The Fund uses short sales and derivatives (options), both of which may involve substantial risk. The loss on a short sale is in principle unlimited since there is no upward limit on the price of a shorted asset. The potential loss from a derivative may be greater than the amount invested due to counter-party default; illiquidity; or other factors. The Fund may hold illiquid assets which may cause a loss if the Fund is unable to sell an asset at a beneficial time or price.
Through its investments in real estate investment trusts (REITs), the Fund is subject to the risks of investing in the real estate market, including decreases in property revenues, increases in interest rates, increases in property taxes and operating expenses, legal and regulatory changes, a lack of credit or capital, defaults by borrowers or tenants, environmental problems and natural disasters.

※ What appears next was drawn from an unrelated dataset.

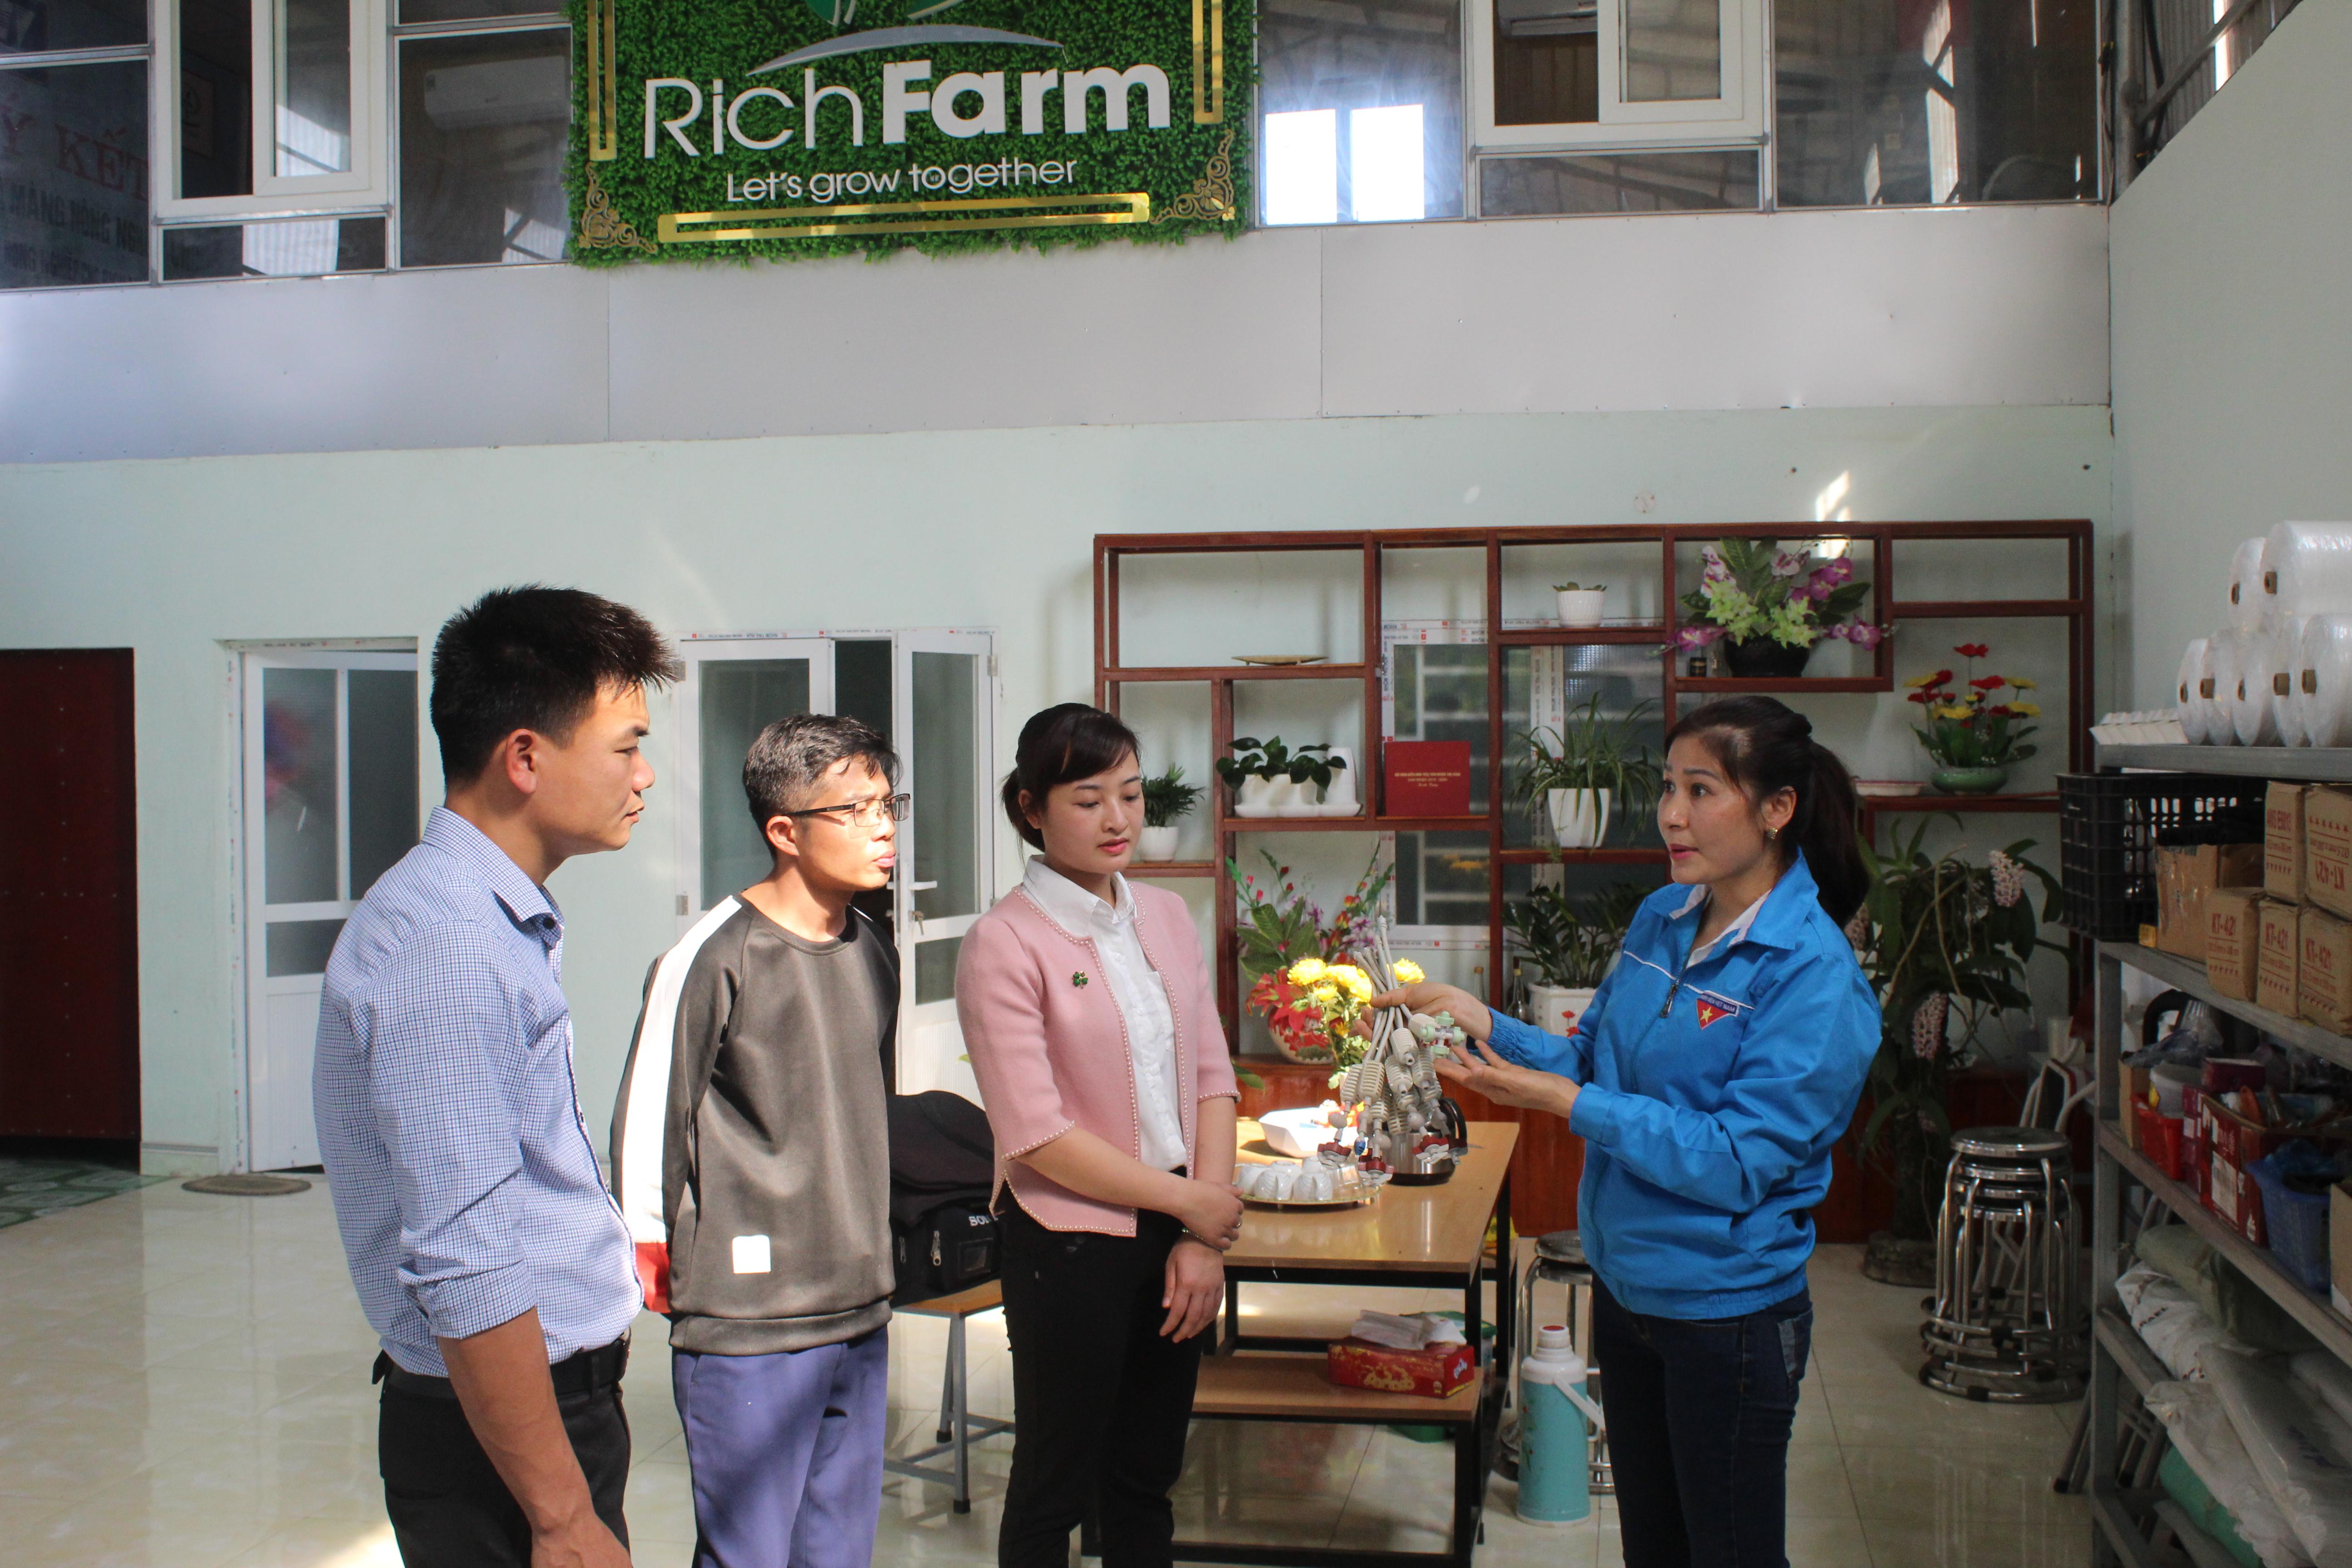 """Chị Lê Thị Vân (áo xanh), huyện Thọ Xuân đã tạo nên một """"đế chế"""" nông nghiệp sạch mang lại hiệu quả kinh tế cao ngay tại quê nhà"""

The Fund’s exposure to master limited parterships (MLPs) may subject the Fund to greater volatility than investments in traditional securities. The value of MLPs and MLP based exchange traded funds and notes may be affected by changes in overall market movements, commodity index volatility, changes in interest rates, or sectors affecting a particular industry or commodity, such as drought, floods, weather, livestock disease, embargoes, tariffs, and international economic, political and regulatory developments.
Business Development Companies (BDCs) generally invest in debt securities that are not rated by a credit rating agency and are considered below investment grade quality (“junk bonds”). Little public information generally exists for the type of companies in which a BDC may invest and, therefore, there is a risk that the Fund may not be able to make a fully informed evaluation of the BDC and its portfolio of investments.
The Fund is classified as “non-diversified” and may invest a relatively high percentage of its assets in a limited number of issuers. As a result, the fund may be more susceptible to a single adverse economic or regulatory occurrence affecting one or more of these issuers, experience increased volatility and be highly concentrated in certain issuers.